EPA generally categorizes injection wells associated with oil and gas production as Class II wells
under its UIC regulatory program. These are wells used to inject brines and other waste fluids
associated with oil and natural gas production.84 Given the expense of treating and transporting
large volumes of wastewater for disposal, it is possible that the production of gas from the
Marcellus Shale will increasingly involve the use of injection wells to dispose of poor-quality
formation water, flowback water resulting from hydraulic fracturing, and other waste fluids
associated with gas production.
EPA reports that most of the fluid injected into Class II wells has been brine brought to the
surface in producing oil and gas. This brine, a naturally occurring formation fluid, is often very
saline and may contain toxic metals and naturally occurring radioactive substances. According to
EPA, the brine “can be very damaging to the environment and public health if it is discharged to
surface water or the land surface.”85 To prevent contamination of land and surface water, Class II
wells provide a means for disposing brines by re-injecting them back into their source formation
or into similar formations. Injection wells also serve as disposal means for residual water from
drilling and hydraulic fracturing operations. As states have adopted rules to prevent the disposal
of saline water to surface water and soil, injection has become the preferred way to dispose of this
waste fluid, where the local geology permits.86
In New York and Pennsylvania, both EPA and the state environmental agency must issue permits
if the disposal method for fracturing wastewater is deep well injection. Pennsylvania law provides
that “a well operator who affects a public or private water supply by pollution or diminution shall
restore or replace the affected supply with an alternate source of water adequate in quantity and
quality for the purposes served by the supply.”87 Additionally, it requires a permit application for
a disposal well or enhanced recovery well to include an erosion and sedimentation plan for the
well site.88
As of now, it is unknown how much water the gas wells in the Marcellus Shale formation will
produce. The amount of water produced could vary across the region. Because shale gas
formations generally are impermeable, they typically produce much less water than traditional oil

84 Other Class II wells include oil and natural gas storage wells and enhanced oil and gas recovery wells.
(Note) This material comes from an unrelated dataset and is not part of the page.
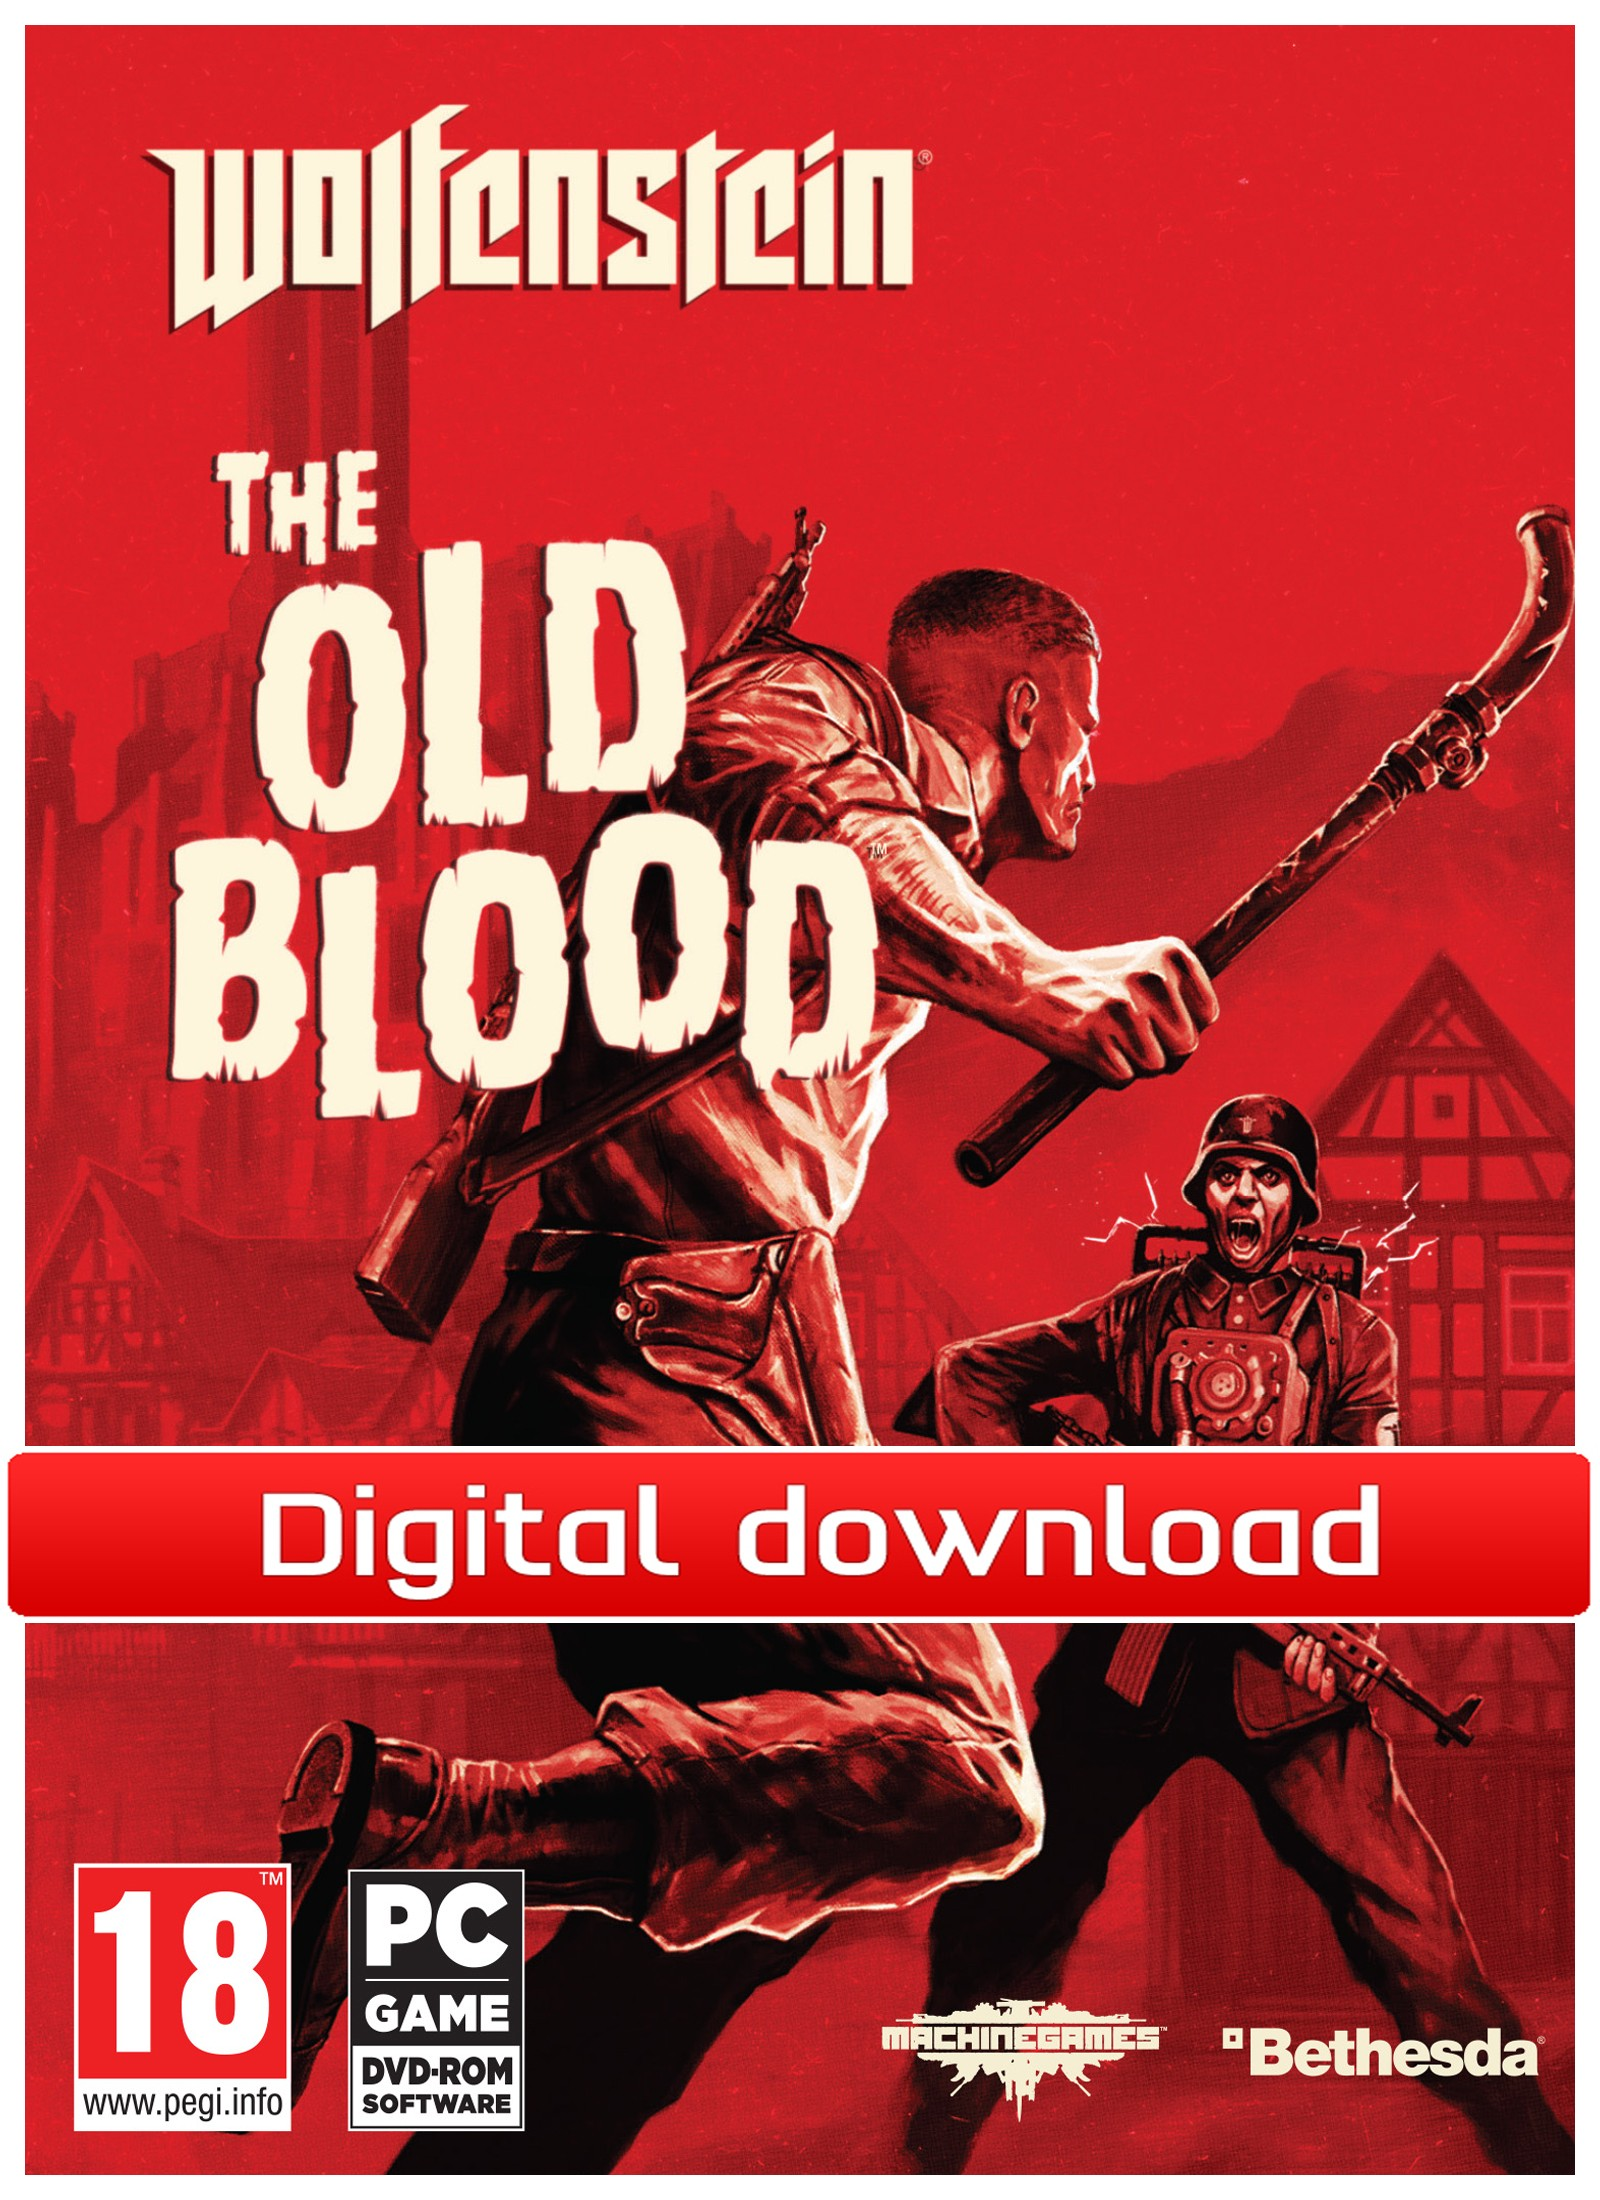 Wolfenstein: The Old Blood (PC nedlastning) PCDD37012

85 U.S. Environmental Protection Agency, Underground Injection Control Program. Oil and Gas Injection Wells: Class
II, http://www.epa.gov/safewater/uic/wells_class2.html.
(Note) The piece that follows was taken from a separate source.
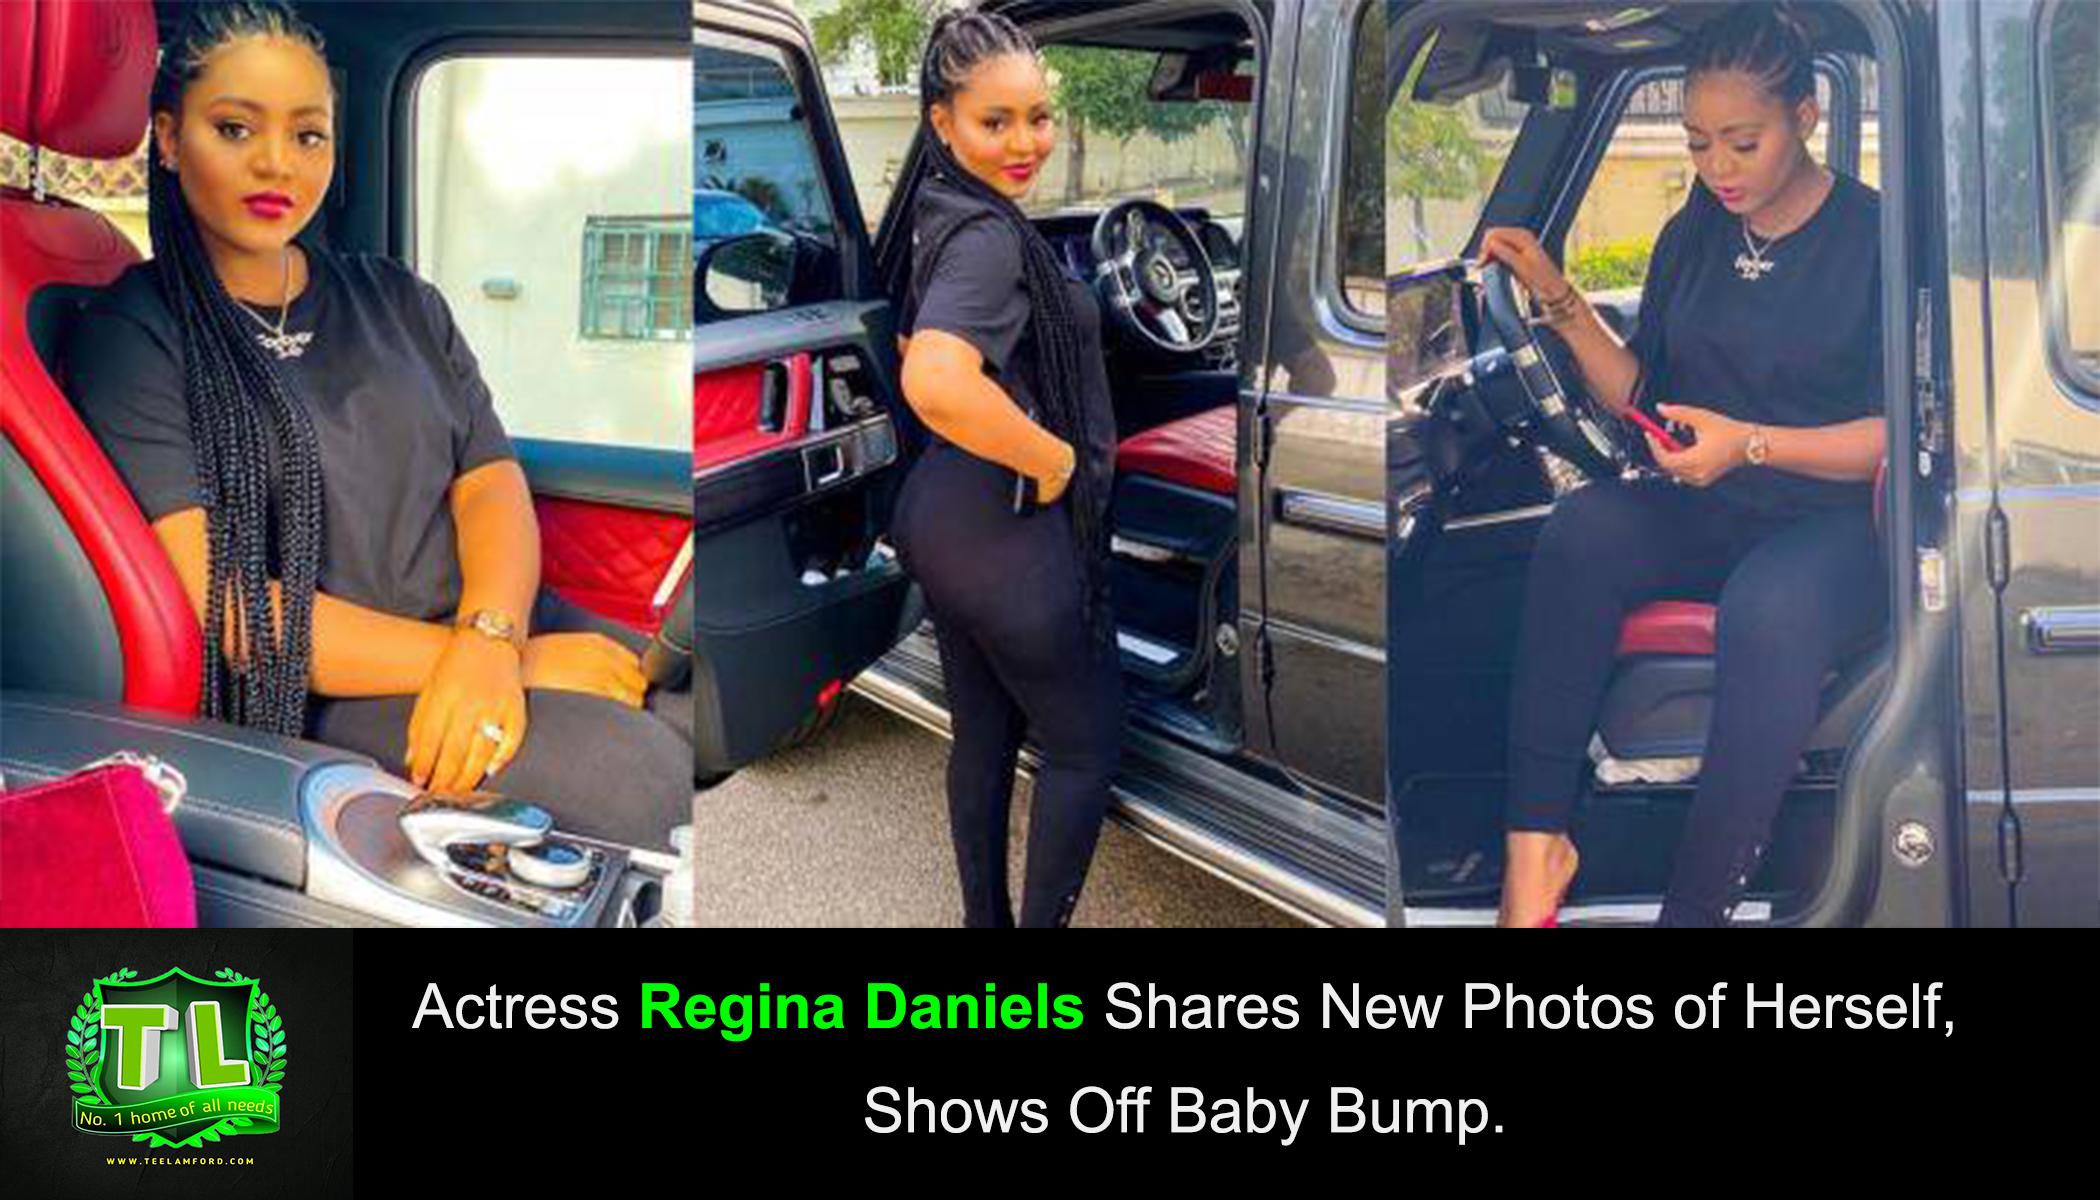 Actress-Regina-Daniels-Shares-New-Photos-of-Herself-Shows-Off-Baby-Bump-Teelamford

86 The largest subclass of Class II wells are enhanced recovery wells. These wells are used to inject various substances
(including brine, water, steam, polymers, and carbon dioxide) into hydrocarbon-bearing formations to recover primarily
oil, but also natural gas, that remains in previously produced areas. Class II enhanced recovery wells are regulated
under the UIC program, except for their use in hydraulic fracturing operations.
87 25 PA Code § 78.51. Protection of water supplies.
88 25 PA Code § 78.18. Disposal and enhanced recovery wells.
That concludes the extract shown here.